What is needed
Find "Reflections - Hands" below and begin at its line; stop after the line with "Moschino Slip Damen". Output those lines exactly, without pictures.

Data shown
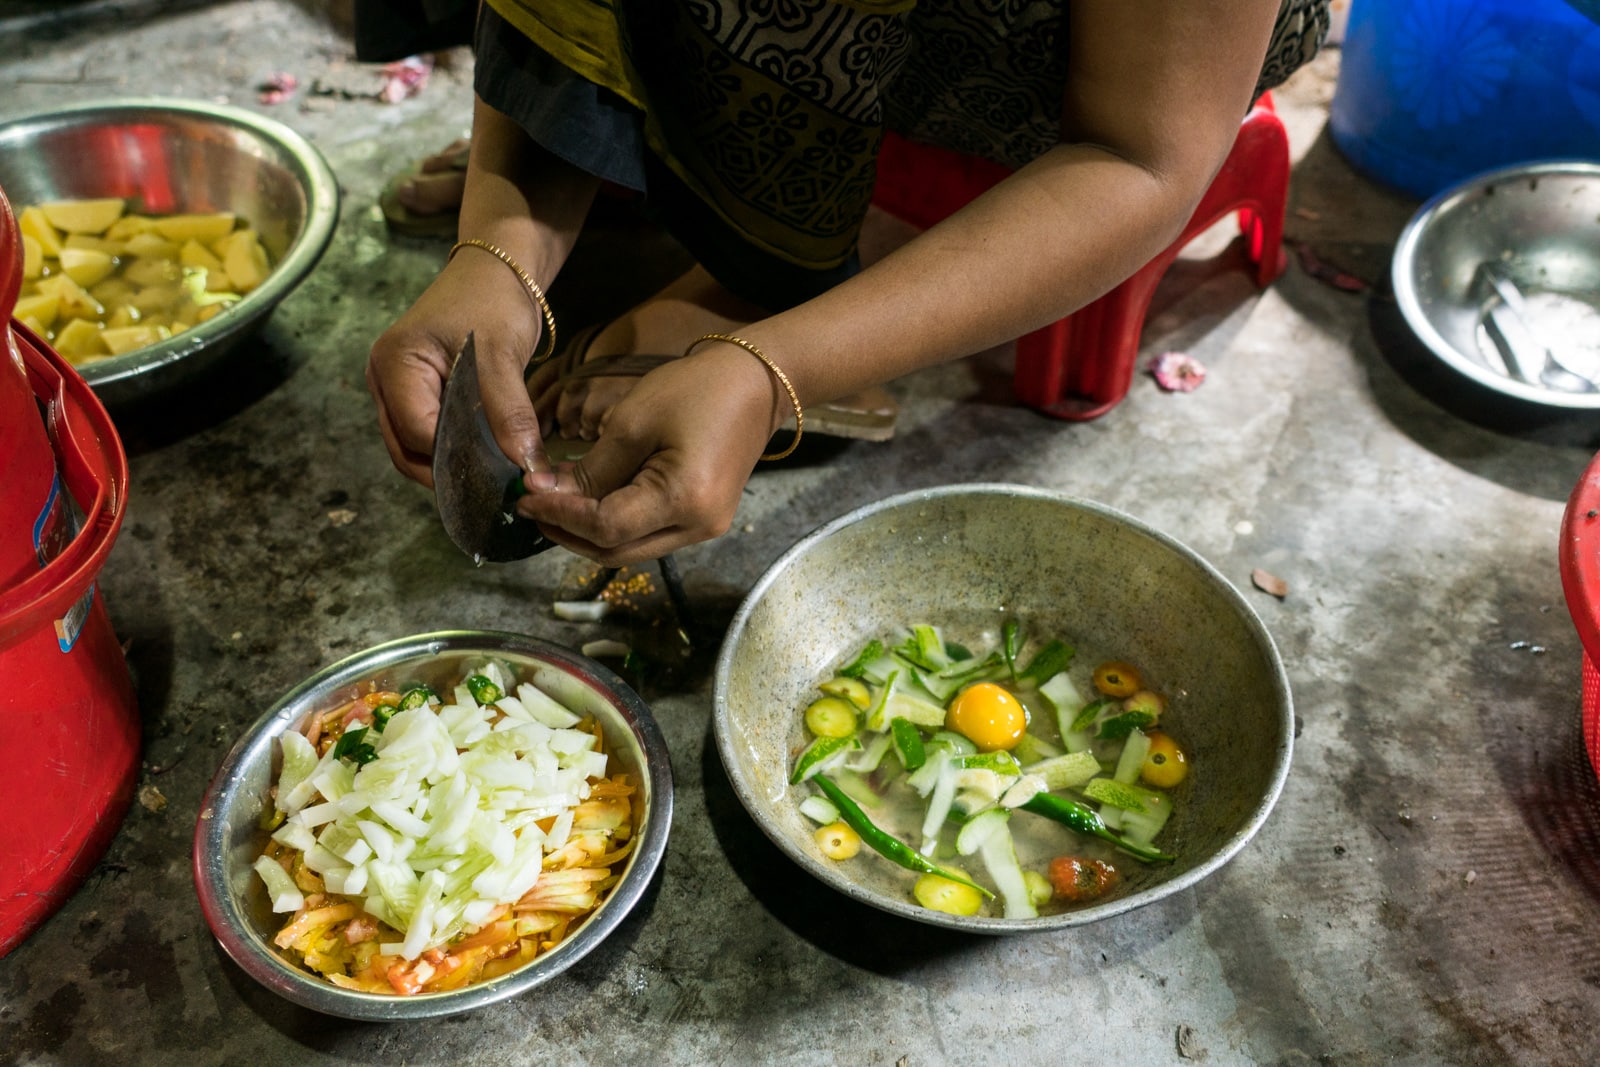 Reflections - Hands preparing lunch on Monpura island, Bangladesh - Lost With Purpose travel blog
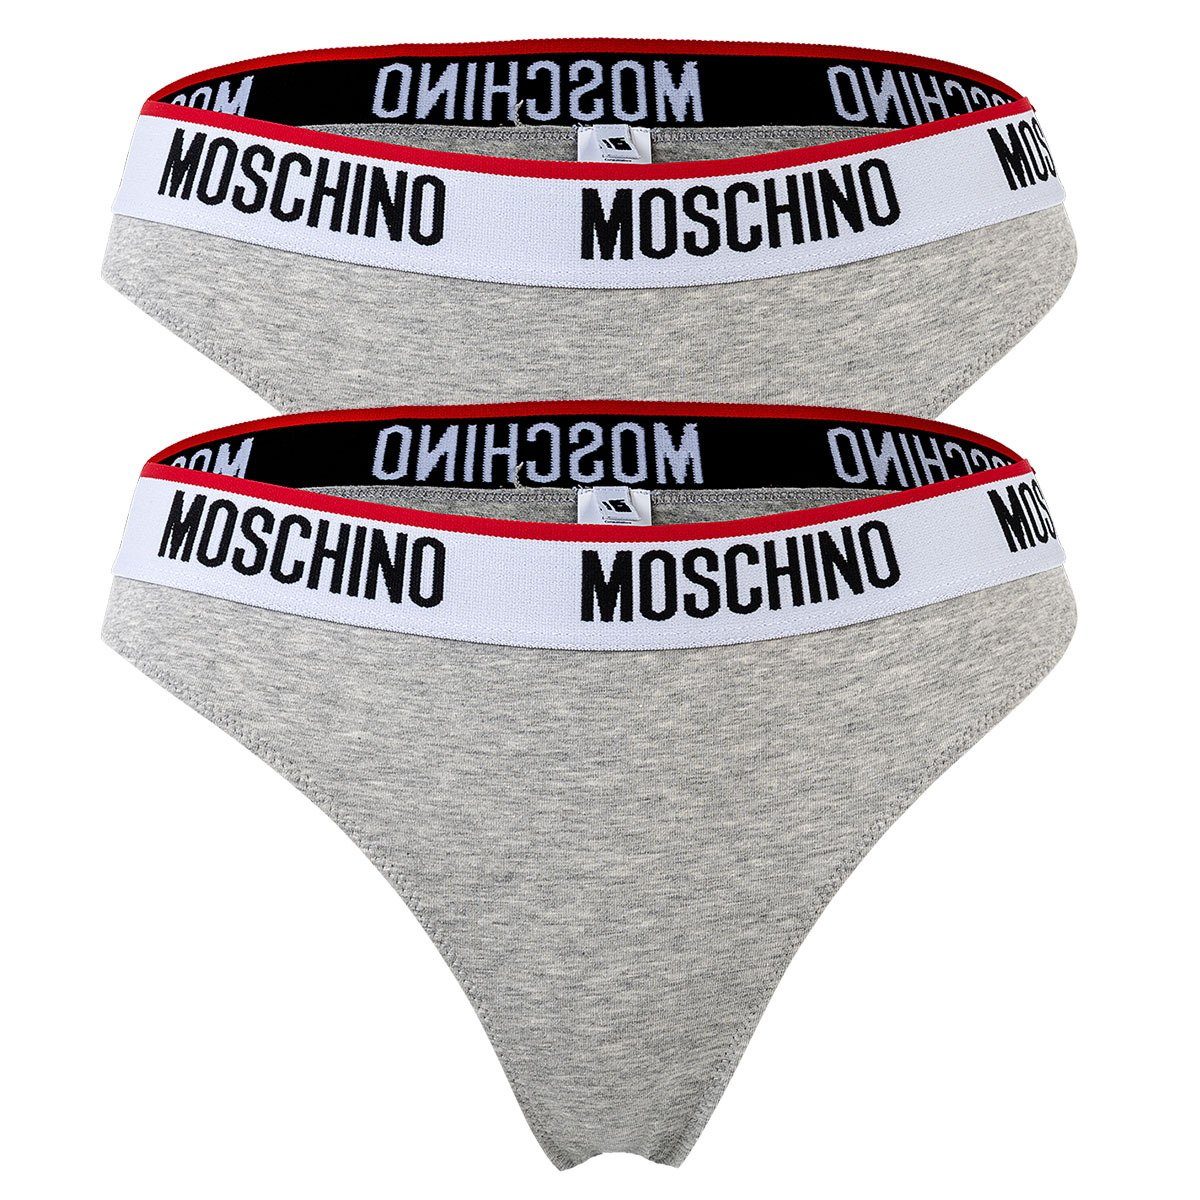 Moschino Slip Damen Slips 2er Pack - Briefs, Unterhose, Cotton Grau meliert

...

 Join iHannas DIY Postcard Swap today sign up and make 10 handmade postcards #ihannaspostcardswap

Answer box
 Reflections - Hands preparing lunch on Monpura island, Bangladesh - Lost With Purpose travel blog
 Moschino Slip Damen Slips 2er Pack - Briefs, Unterhose, Cotton Grau meliert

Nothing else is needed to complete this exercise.